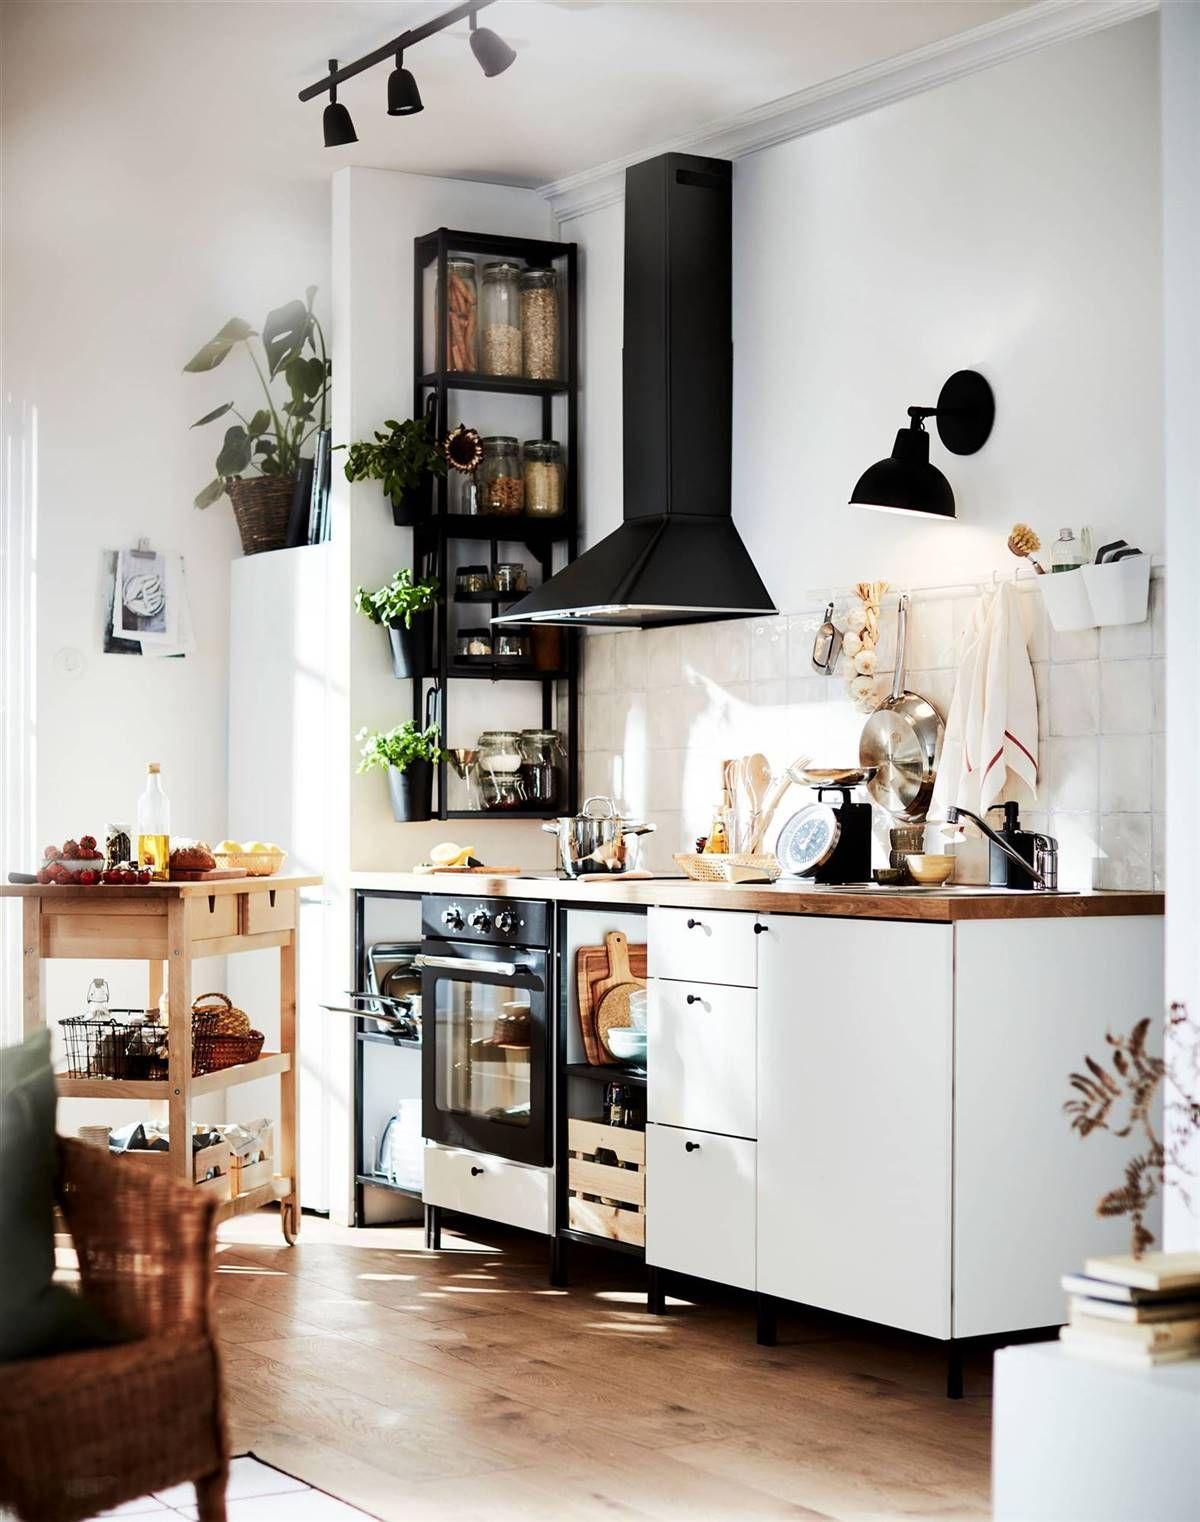 Ikea Interior Design Einbauküche   Landhausstil Einbauküche
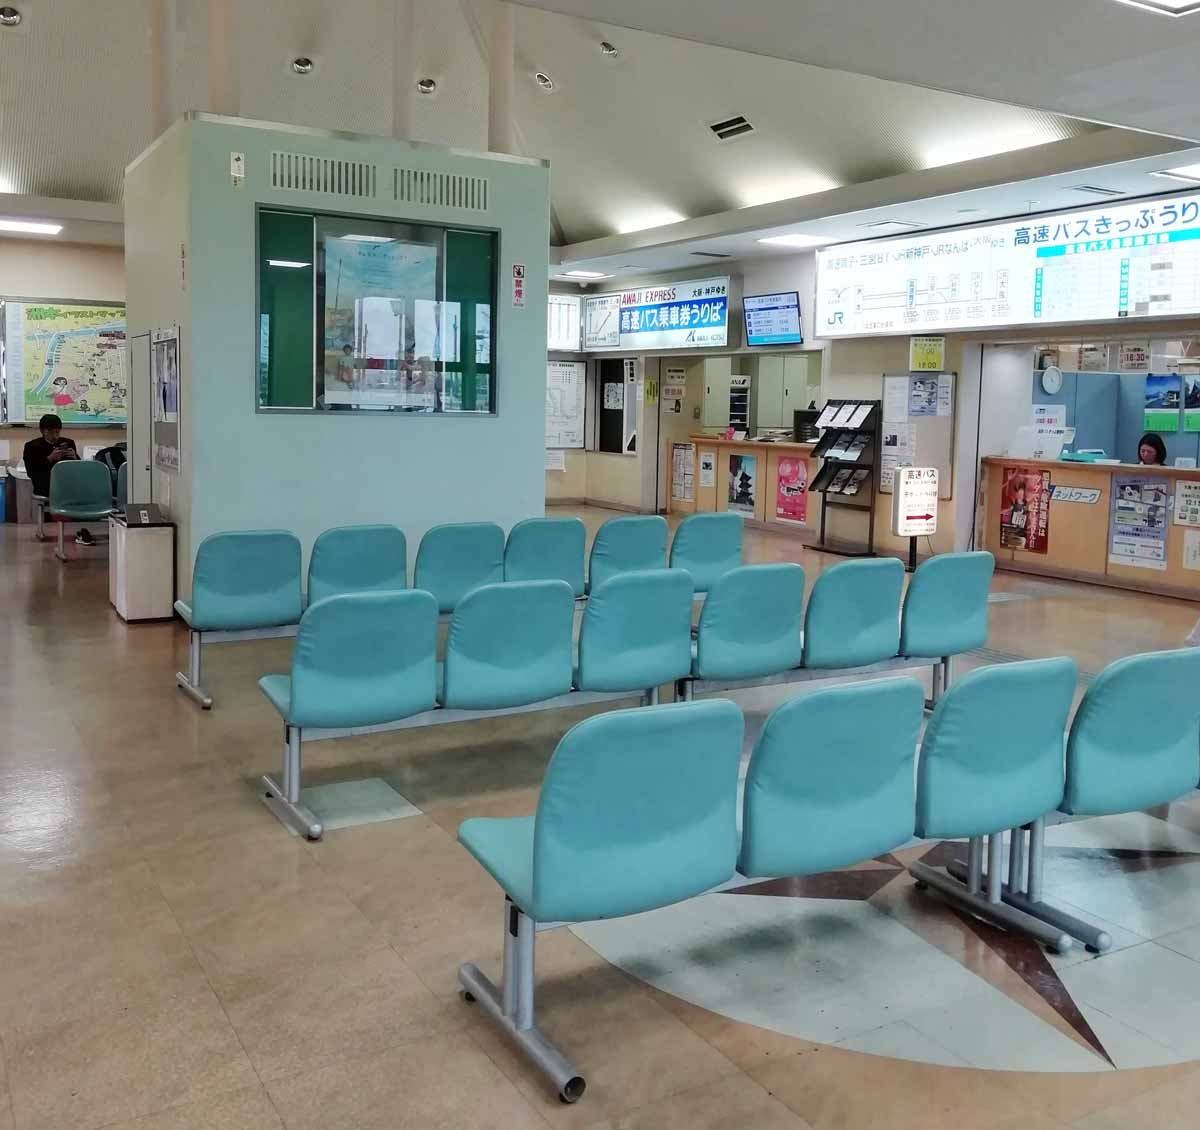 洲本高速バスセンターの待合室
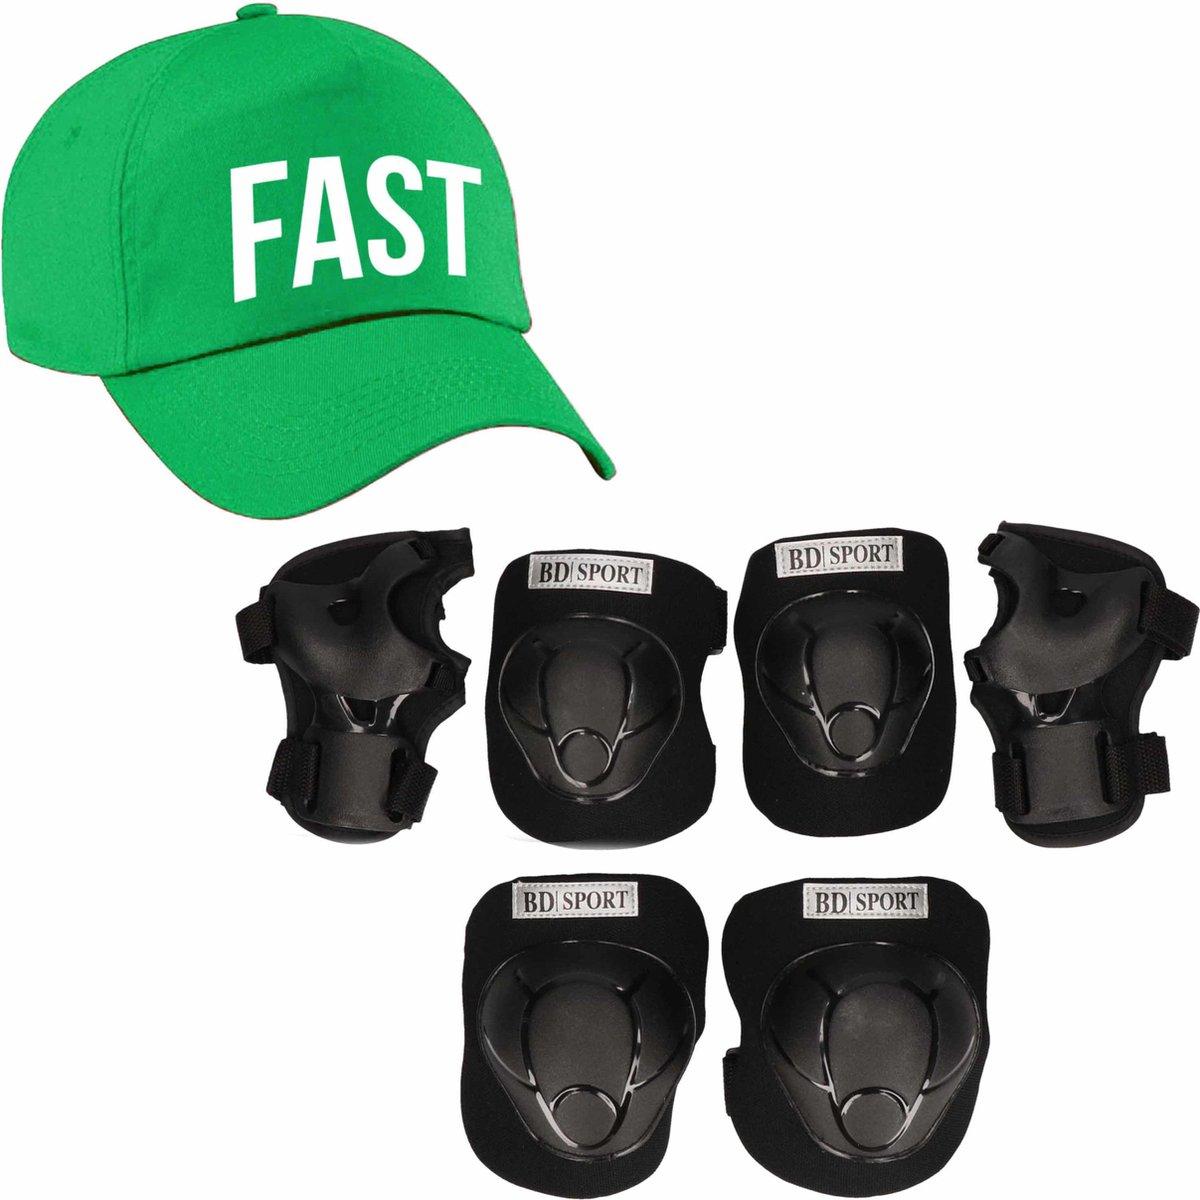 Set van valbescherming voor kinderen maat M / 6 tot 8 jaar met een stoere FAST pet groen

....

▶ **WHAT YOU WILL DO**:
Every word of the material above should be copied exactly; no pictures.

▶ **SOLUTION FOR THIS EXERCISE**:
 Ikea Interior Design Einbauküche   Landhausstil Einbauküche
 洲本高速バスセンターの待合室
 Set van valbescherming voor kinderen maat M / 6 tot 8 jaar met een stoere FAST pet groen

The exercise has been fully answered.